Code Review
Philosophy
Code review maintains a healthy codebase while helping contributors succeed. The burden of proof is on the PR to demonstrate it adds value. Your job is to help it get there through actionable feedback.
Critical: A perfectly written PR that adds unwanted functionality must still be rejected. The code must advance the codebase in the intended direction. When rejecting, provide clear guidance on how to align with project goals.
Be friendly and welcoming while maintaining high standards. Call out what works well. When code needs improvement, be specific about why and how to fix it.
What to Focus On
Does this advance the codebase correctly?

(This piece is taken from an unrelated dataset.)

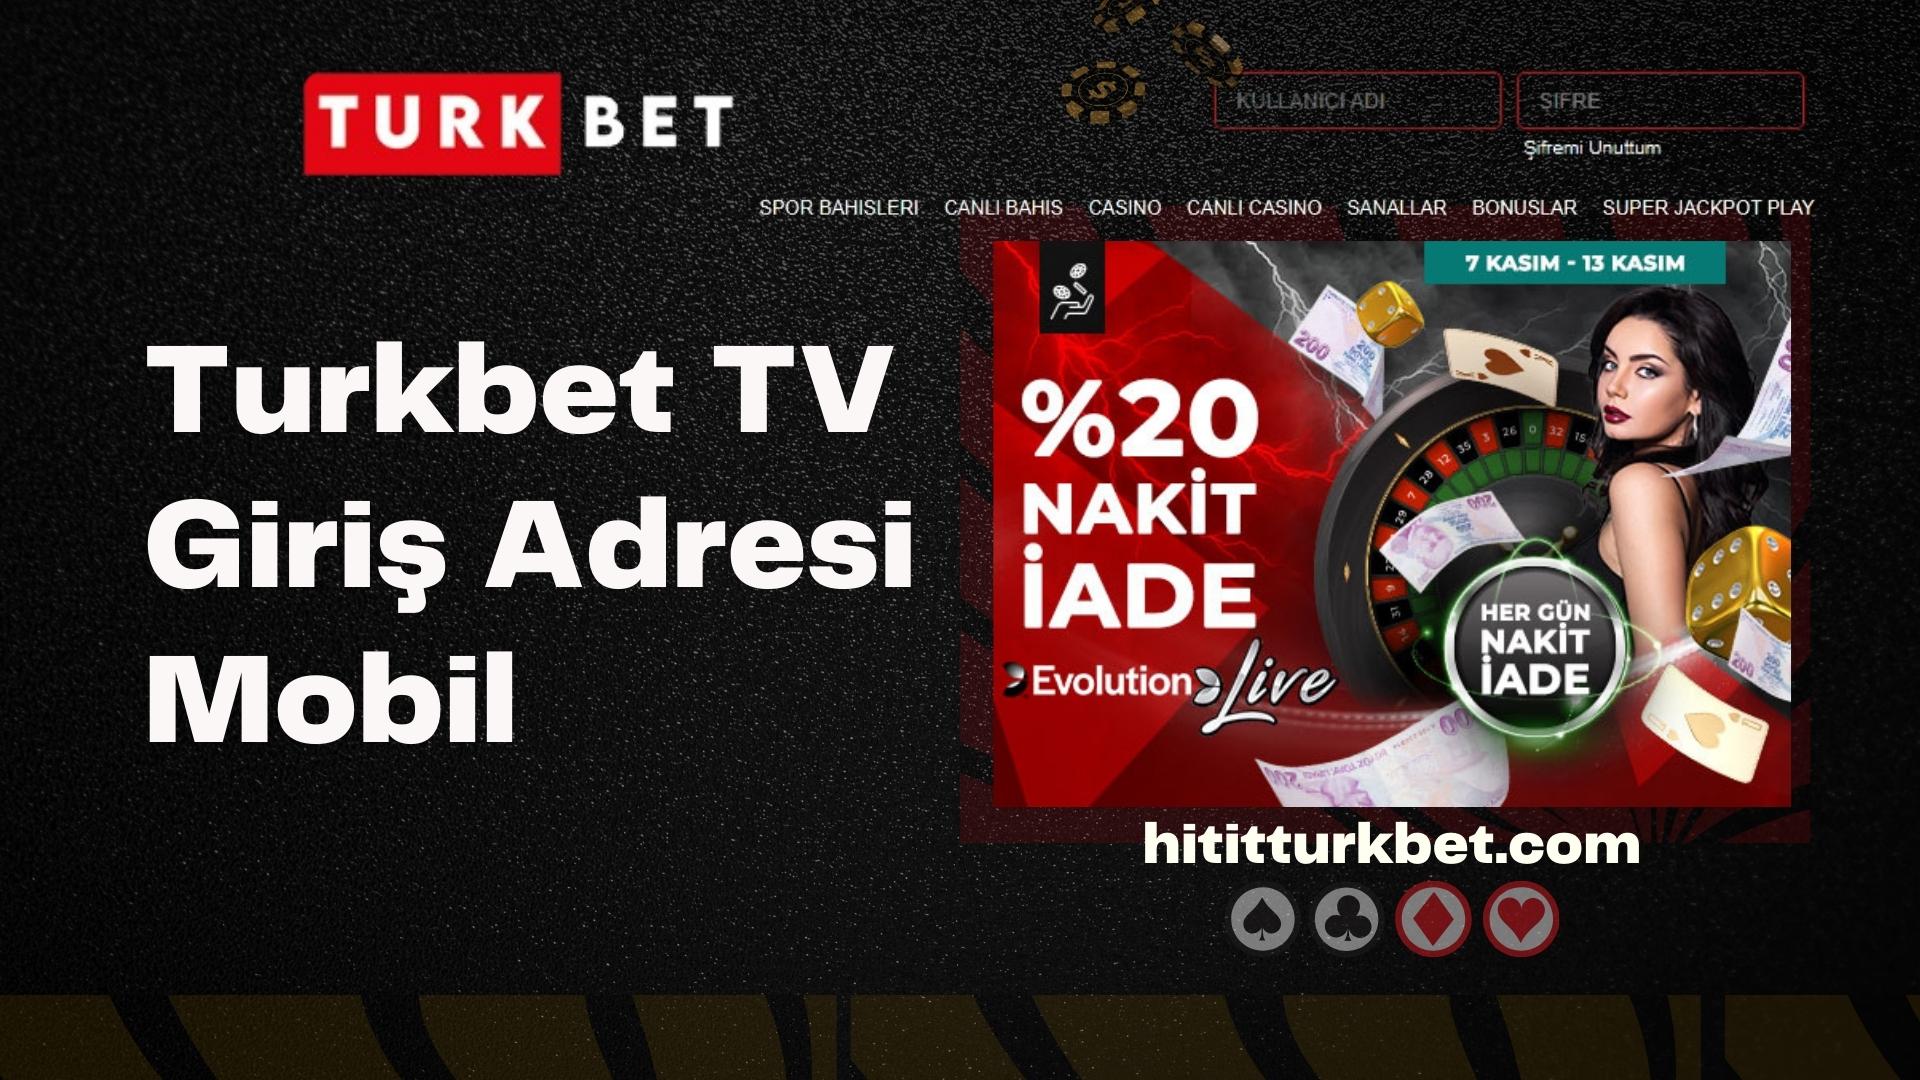 Turkbet TV Giriş Adresi Mobil

Even perfect code for unwanted features should be rejected.
Dependency version compatibility
When a PR adapts code to a new version of a dependency (e.g., removing a parameter that was dropped upstream, using a new API):
- The version pin in
pyproject.toml must match. If the change breaks compatibility with the previously-pinned minimum version, the minimum version must be bumped. Otherwise users on the old version get a regression.
- If backwards compatibility with the old version is desired, the code must handle both versions (e.g., try/except, version check). Simply deleting the old API usage without bumping the pin is always wrong — it silently breaks users on the old version.
- Lock file (
uv.lock) changes should be scoped to the PR's purpose. A PR fixing a ty compatibility issue should not also include unrelated dependency version bumps (anthropic, google-auth, etc.) from running uv sync --upgrade. These create noise and make the diff harder to review.